* _EXERCISE_:
Transcribe the data exactly, omitting whatever pictures it holds.

* _DATA SEGMENT_:
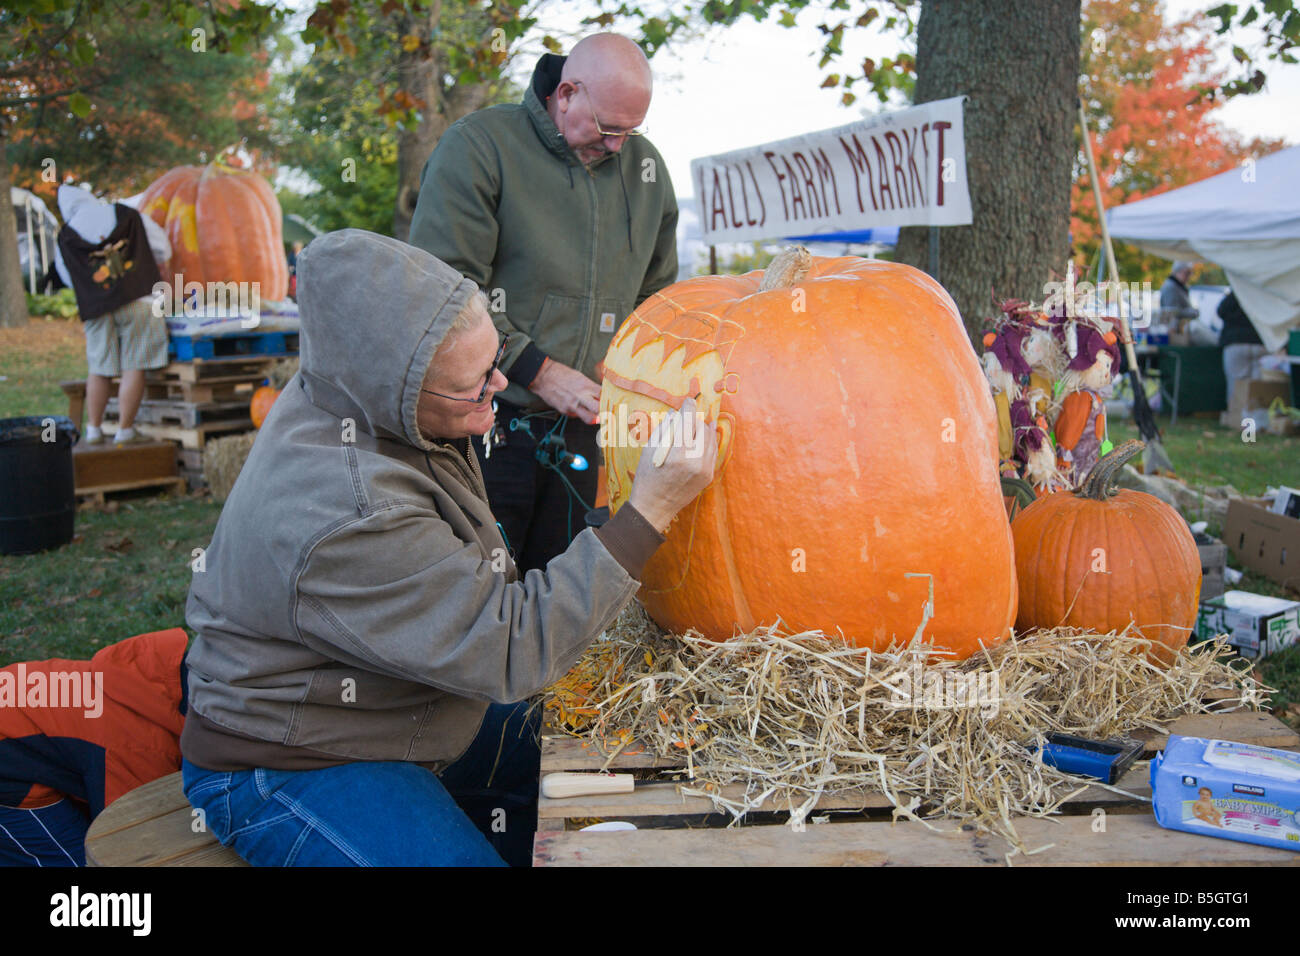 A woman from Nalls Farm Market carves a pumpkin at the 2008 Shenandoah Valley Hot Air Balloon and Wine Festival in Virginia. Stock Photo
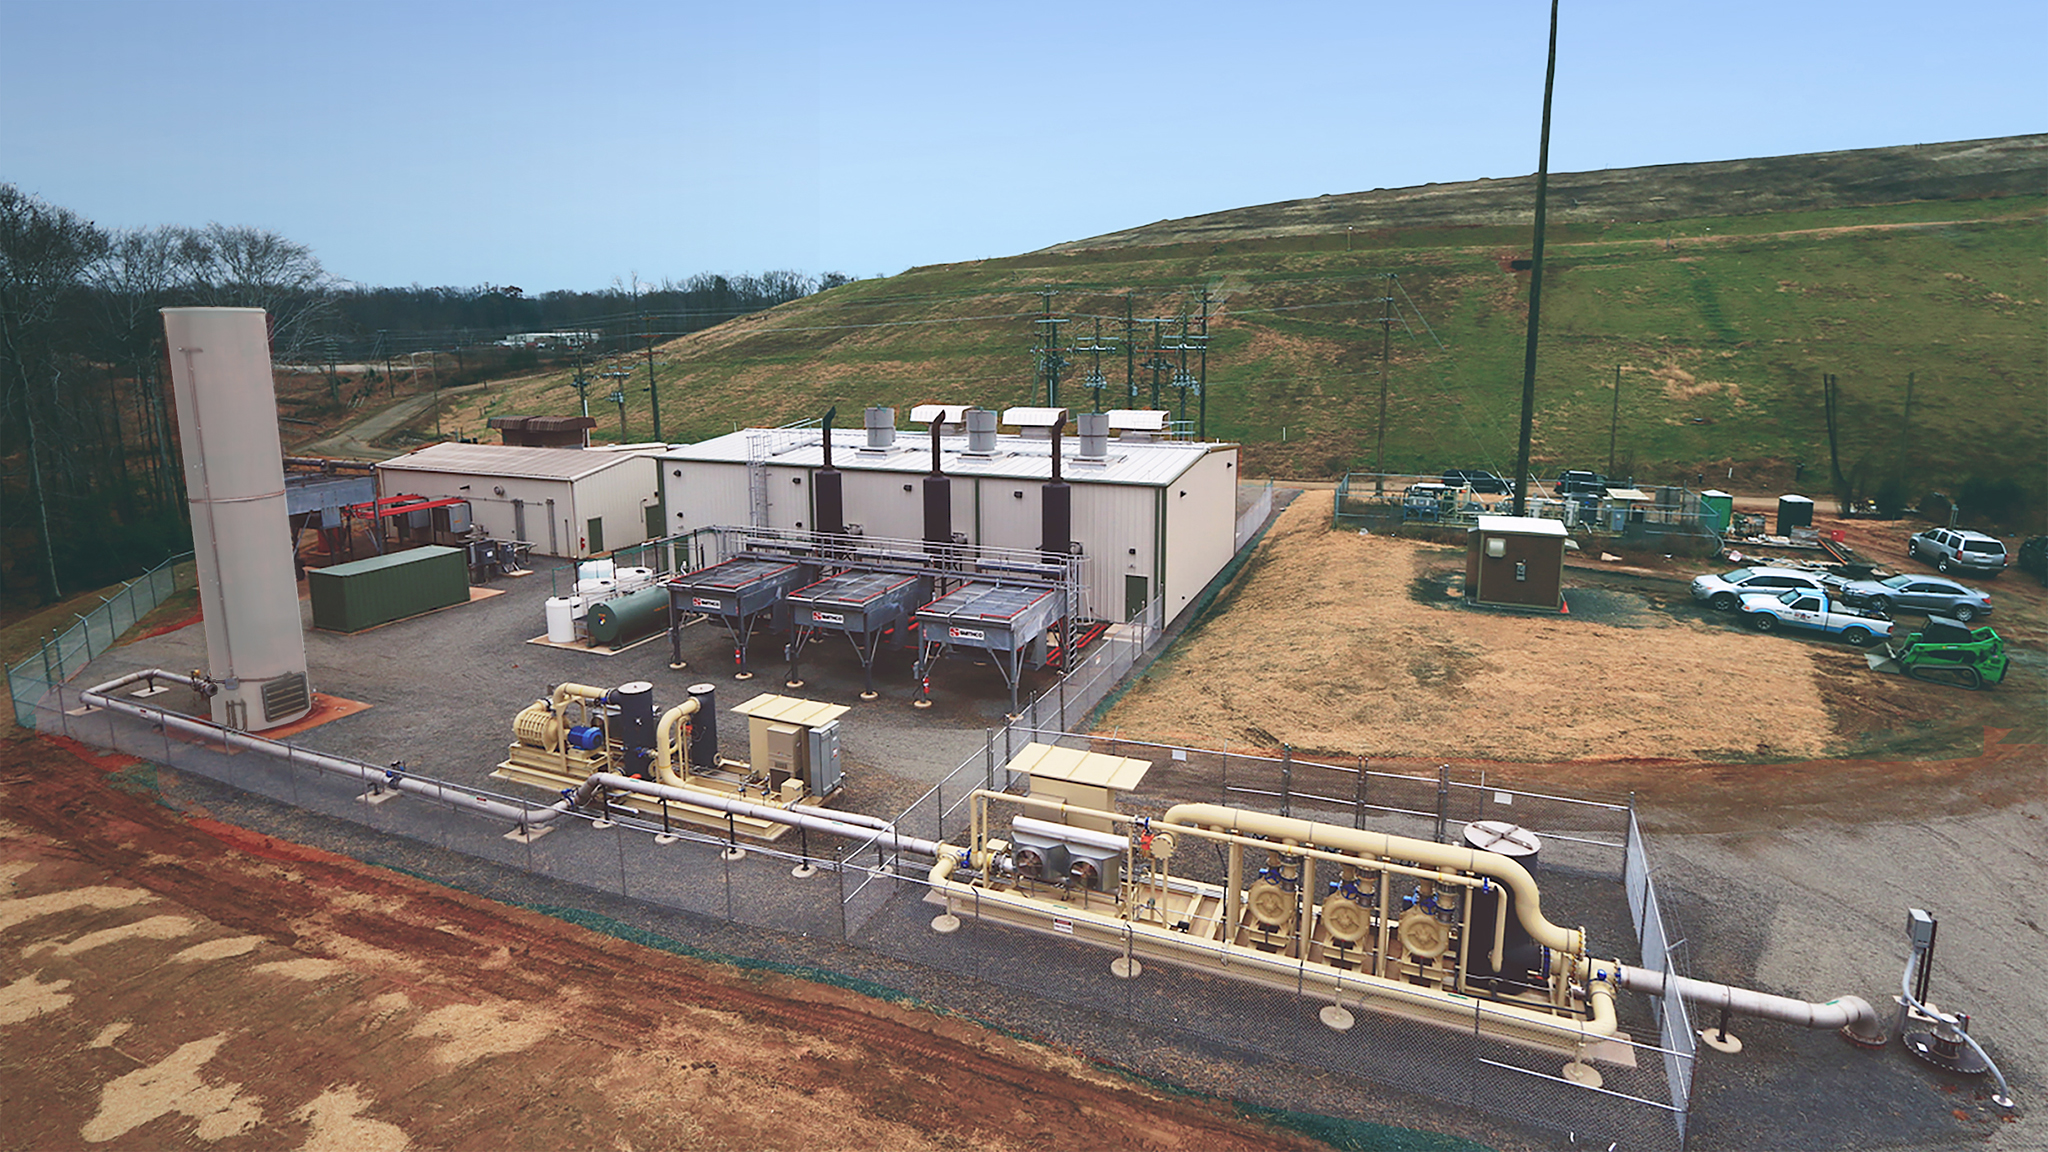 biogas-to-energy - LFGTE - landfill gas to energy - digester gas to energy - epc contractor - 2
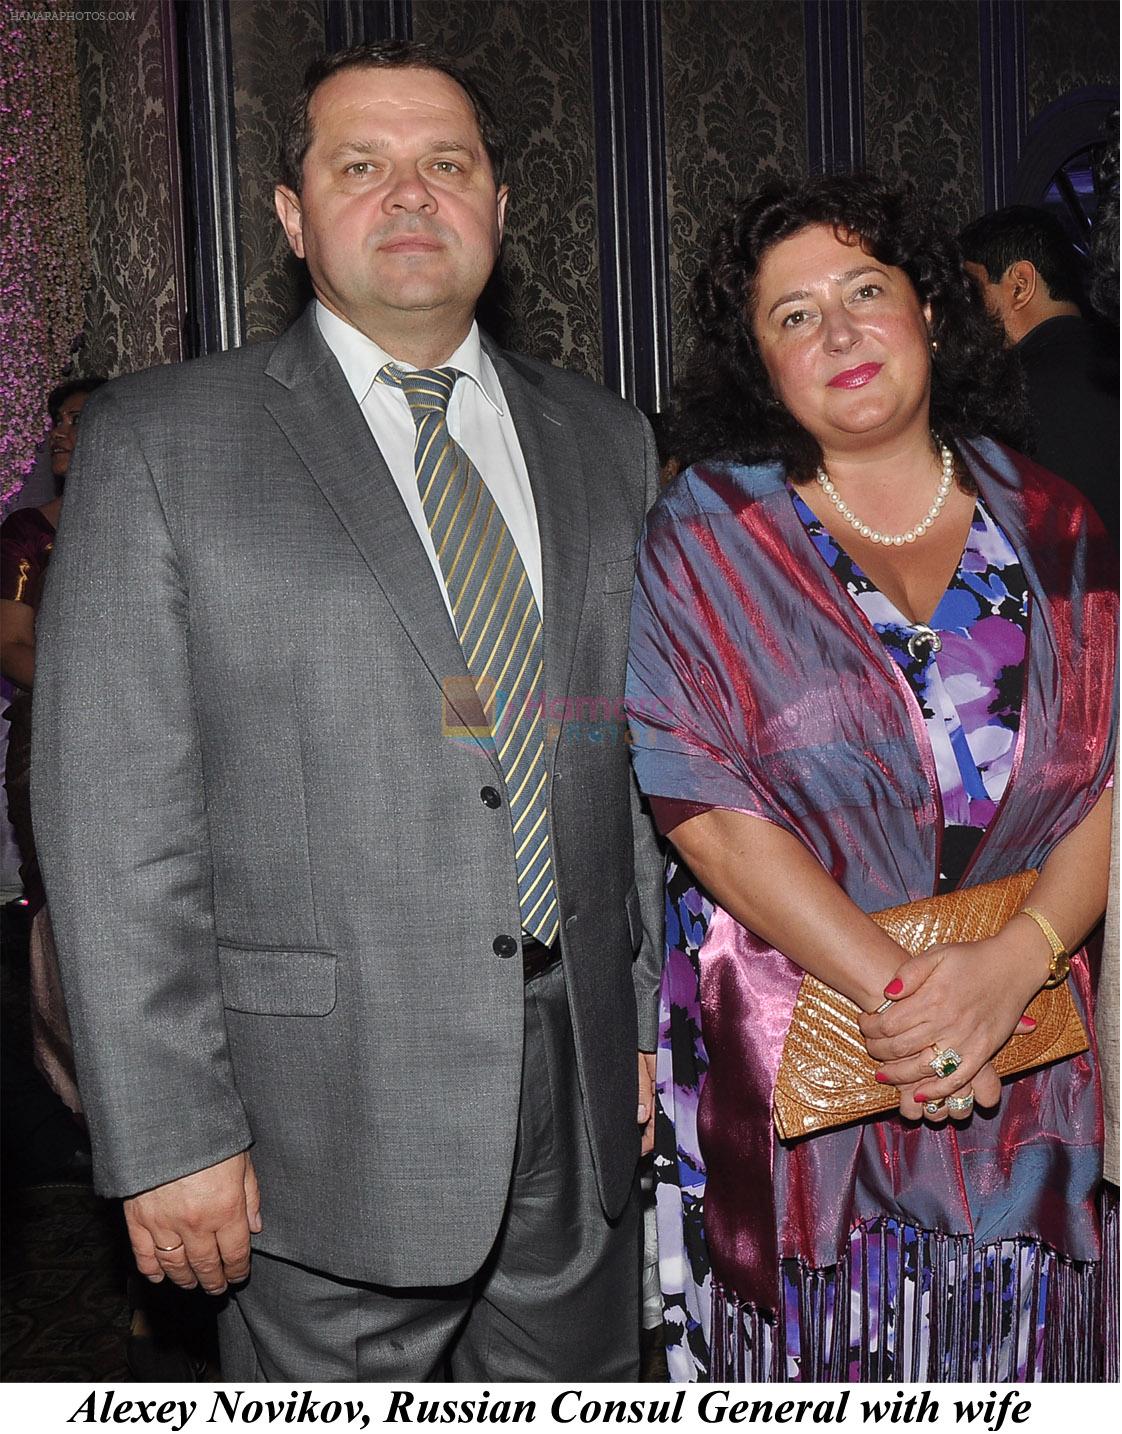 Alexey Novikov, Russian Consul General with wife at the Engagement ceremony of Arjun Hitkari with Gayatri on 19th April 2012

* _TASK ANSWER_:
 A woman from Nalls Farm Market carves a pumpkin at the 2008 Shenandoah Valley Hot Air Balloon and Wine Festival in Virginia. Stock Photo
 biogas-to-energy - LFGTE - landfill gas to energy - digester gas to energy - epc contractor - 2
 Alexey Novikov, Russian Consul General with wife at the Engagement ceremony of Arjun Hitkari with Gayatri on 19th April 2012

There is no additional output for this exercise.